ISLAMABAD - An international rights defender has accused Pakistan and the United Nations refugee agency of complicity in promoting “unlawful and coerced” repatriation of tens of thousands of Afghan refugees.
In a report released Monday, Human Rights Watch alleges that in response to deadly security incidents and deteriorating political relations with Afghanistan over the past two years, Pakistani authorities have mounted a concerted campaign to drive Afghans out of Pakistan.
“In the second half of 2016, a toxic combination of deportation threats and police abuses pushed out nearly 365,000 of the country’s 1.5 million registered Afghan refugees, as well as just over 200,000 of the country’s estimated one million undocumented Afghans,” the report noted.
HRW senior researcher Patricia Gossman, while sharing details of the report at a news conference in Kabul, said the exodus amounts to the world’s largest unlawful mass forced return of refugees in recent times.
“The way Pakistan carried that out was through a range [of] abuses toward the refugee[s] and the undocumented Afghans in Pakistan. And this included, detentions, extortion, extracting bribes, the closure of Afghan schools, raids on people's homes and other threats, including from the local population that Afghans we[re] no longer welcome.”
Pakistan denies coercion
Pakistani authorities maintain that areas where Afghan refugees reside have lately become security challenges and safe havens for anti-state militants, and after hosting them for four decades, host communities also want the refugees to be relocated. But Islamabad denies allegations of any concerted campaign of abuse and coercion.
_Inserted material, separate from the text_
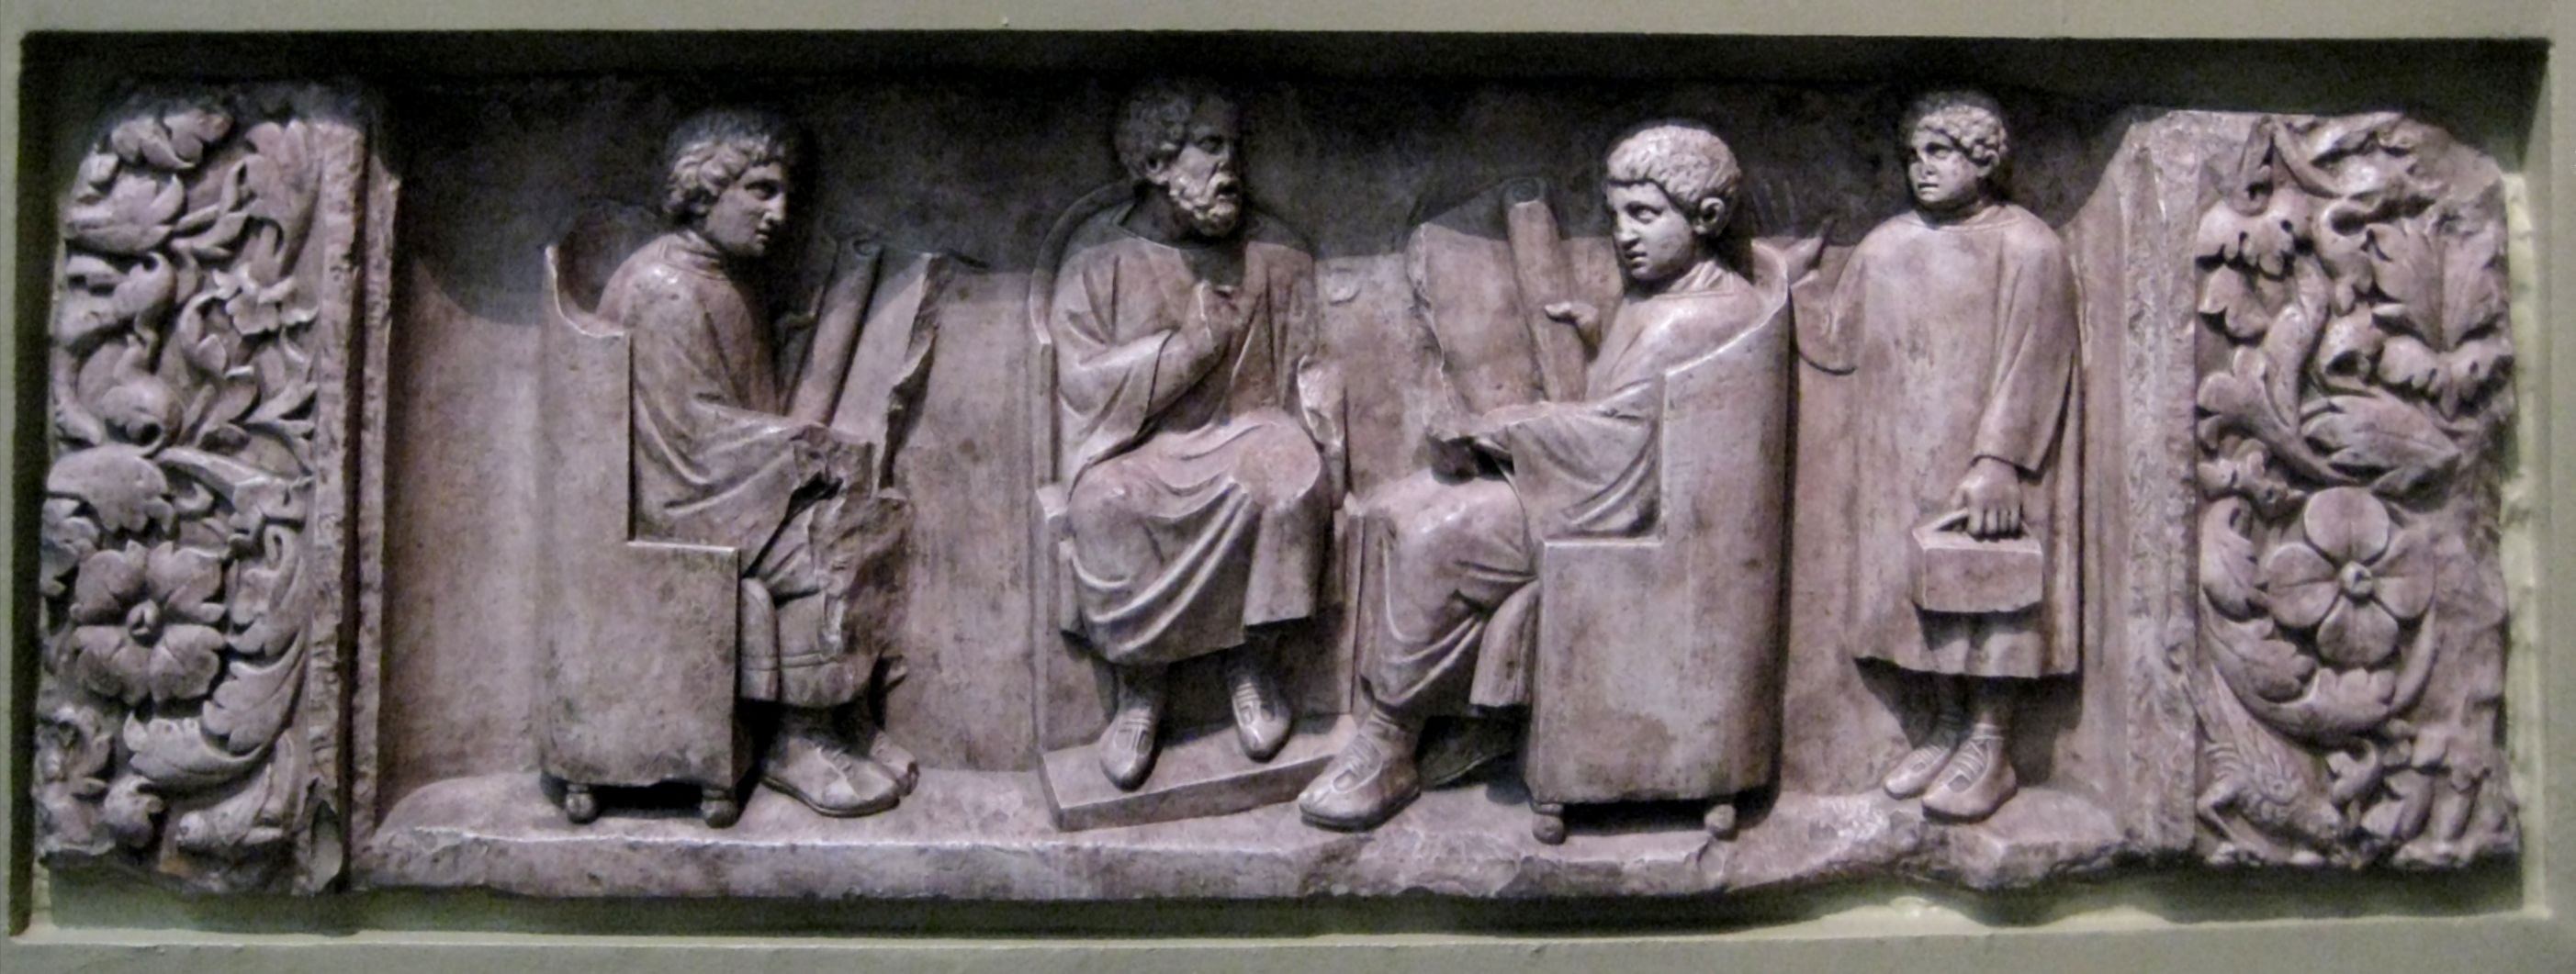 Relieve de los años 180-185 hallado cerca de Trier: muestra a un profesor con tres discípulos. (Shakko/Wikimedia Commons)

Gossman warned that the refugee families pushed out of Pakistan are returning to expanding armed conflict in Afghanistan where they also face widespread destitution and a near-total absence of social services.
The report harshly criticized the U.N. Refugee Agency, or UNHCR, for allegedly facilitating repatriation of refugees from Pakistan, saying the agency was actually complicit in this forced return of displaced families.
“Rather than saying something, speak out publicly when this concerted campaign by Pakistan began, UNHCR in Pakistan remained silent and in fact increased its cash grant to the refugees all of which facilitated the return of hundreds of thousands of people in conditions that cannot be called voluntary."
UNHCR promptly responded to the allegations, saying it disagrees with the conclusions of the HRW report. In a statement sent to VOA, the agency said that throughout 2016, it has informed Afghans of their rights, intervened in cases of unlawful arrest and detention, and intervened in nearly 6,000 cases of arrest, securing the release of almost all.
“UNHCR does not promote returns to Afghanistan given the enduring conflict in different parts of the country and its limited absorption capacity. At the same time, the agency does help those who decide to return based on the options available to them,” the agency said in the statement.
It maintained that the multiple drivers behind the surge in the returnees are complex and influenced by shifting regional dynamics and relations between Pakistan and Afghanistan.
“They include pressures by authorities amidst broader security operations, changing attitudes among host communities, uncertainty about the renewal of refugee ID cards, economic hardship, stricter border controls disrupting trade and family ties. There was also a campaign by the Afghan government in Pakistan to encourage Afghans to return home.”
Speaking in Kabul, Gossman also slammed Afghan authorities for encouraging the refugees to return when the conflict has worsened and the government is unable to deliver on its resettlement incentives.
“It is very reckless and irresponsible at the very least to promise land or other advantages to people who return when that is actually not forthcoming.”